Medications in Mexico: The Growth and Distribution of Pharmacies in Ciudad Juárez, Chihuahua, Mexico from 1996-2011  [PDF]
Patricia J. Boda
International Journal of Geosciences (IJG) , 2013, DOI: 10.4236/ijg.2013.46A2008
Abstract:

US pharmacies tend to be located at intersections of major cross streets throughout a city, while in the case of Mexican border cities pharmacies are clustered close to US-Mexico border crossings.

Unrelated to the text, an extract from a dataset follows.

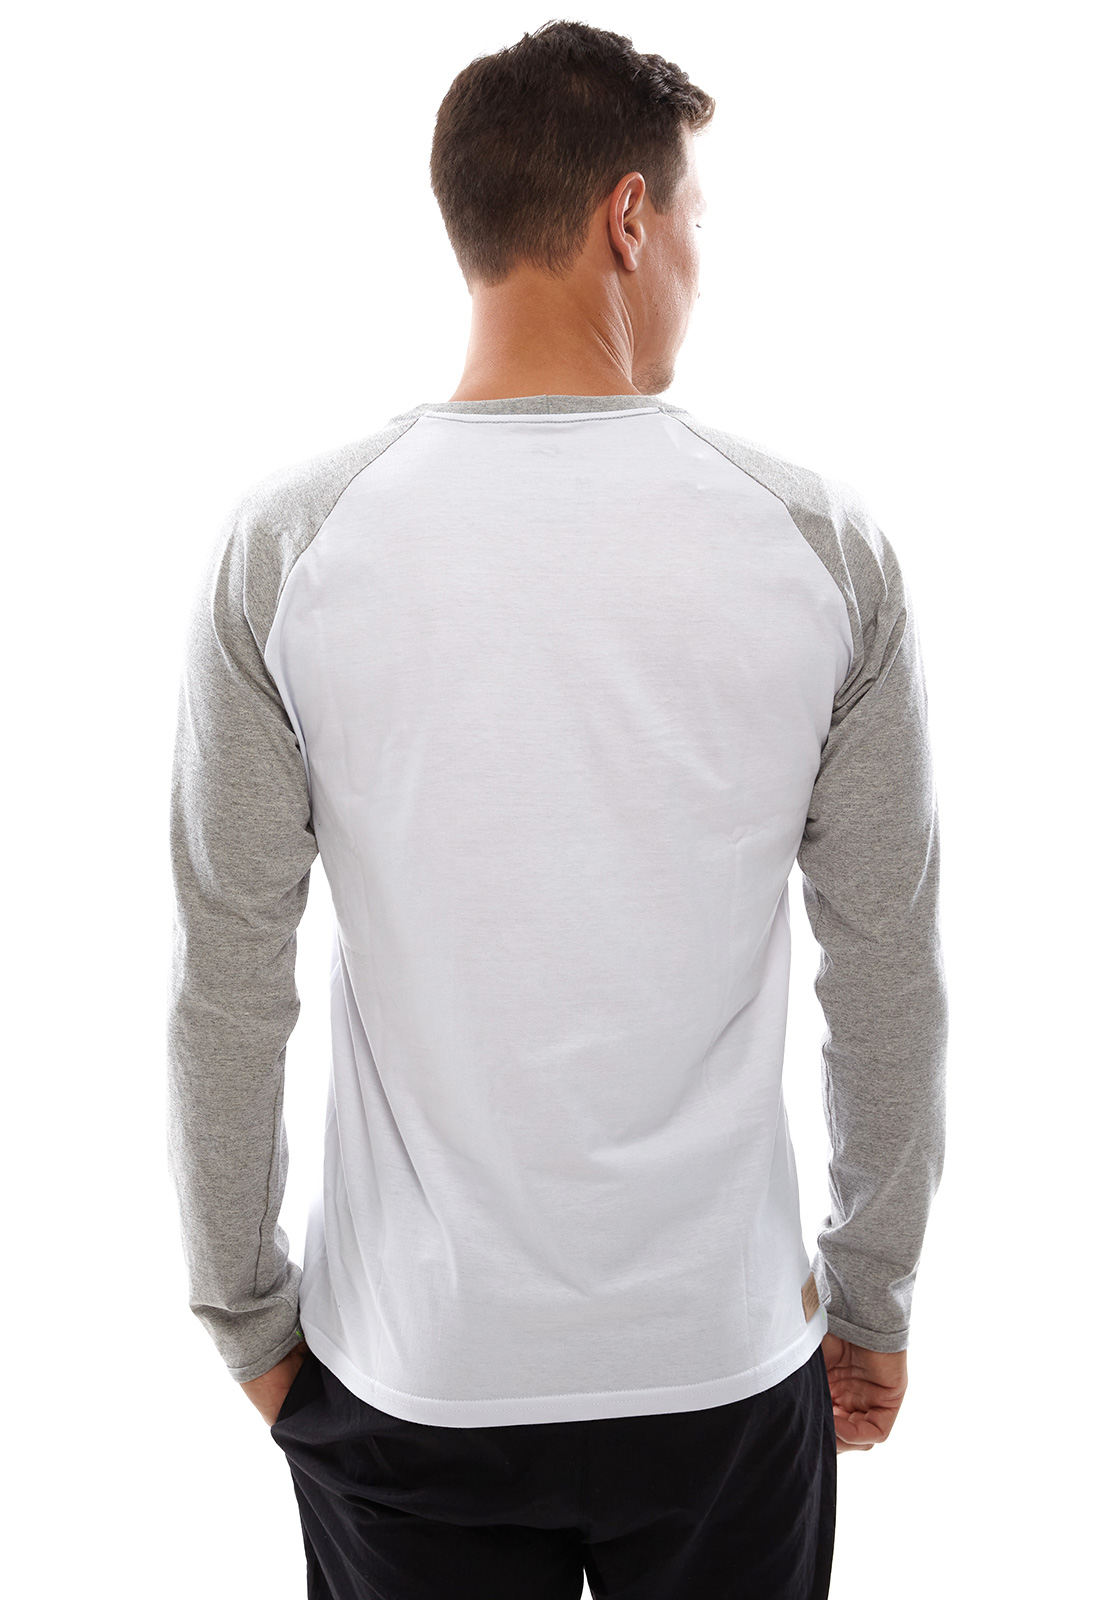 Camiseta Vida Marinha Manga Longa Branco/Cinza

Presumably this is due to the volume of US clients who frequent the pharmacies. Although the precise number of border crossings to purchase medications is unclear, it is thought to be significant. In the past, patient-based surveys were the primary source for information regarding US residents crossing the border into Mexico for prescription medications. The current study examines the distribution of pharmacies throughout Ciudad Juárez, Chihuahua, Mexico, recording the change in the number of pharmacies over a 15-year period and suggesting the scale of US residents who use Mexican pharmacies. Field research was conducted in 1996 and 2011. Maps showing the location of pharmacies for these two years indicate a clustering of pharmacies within one and one-half miles of the city’s two principal border-crossings between the United States and Mexico. Provider-based surveys revealed that the majority of patients who use pharmacies closest to the border were US residents.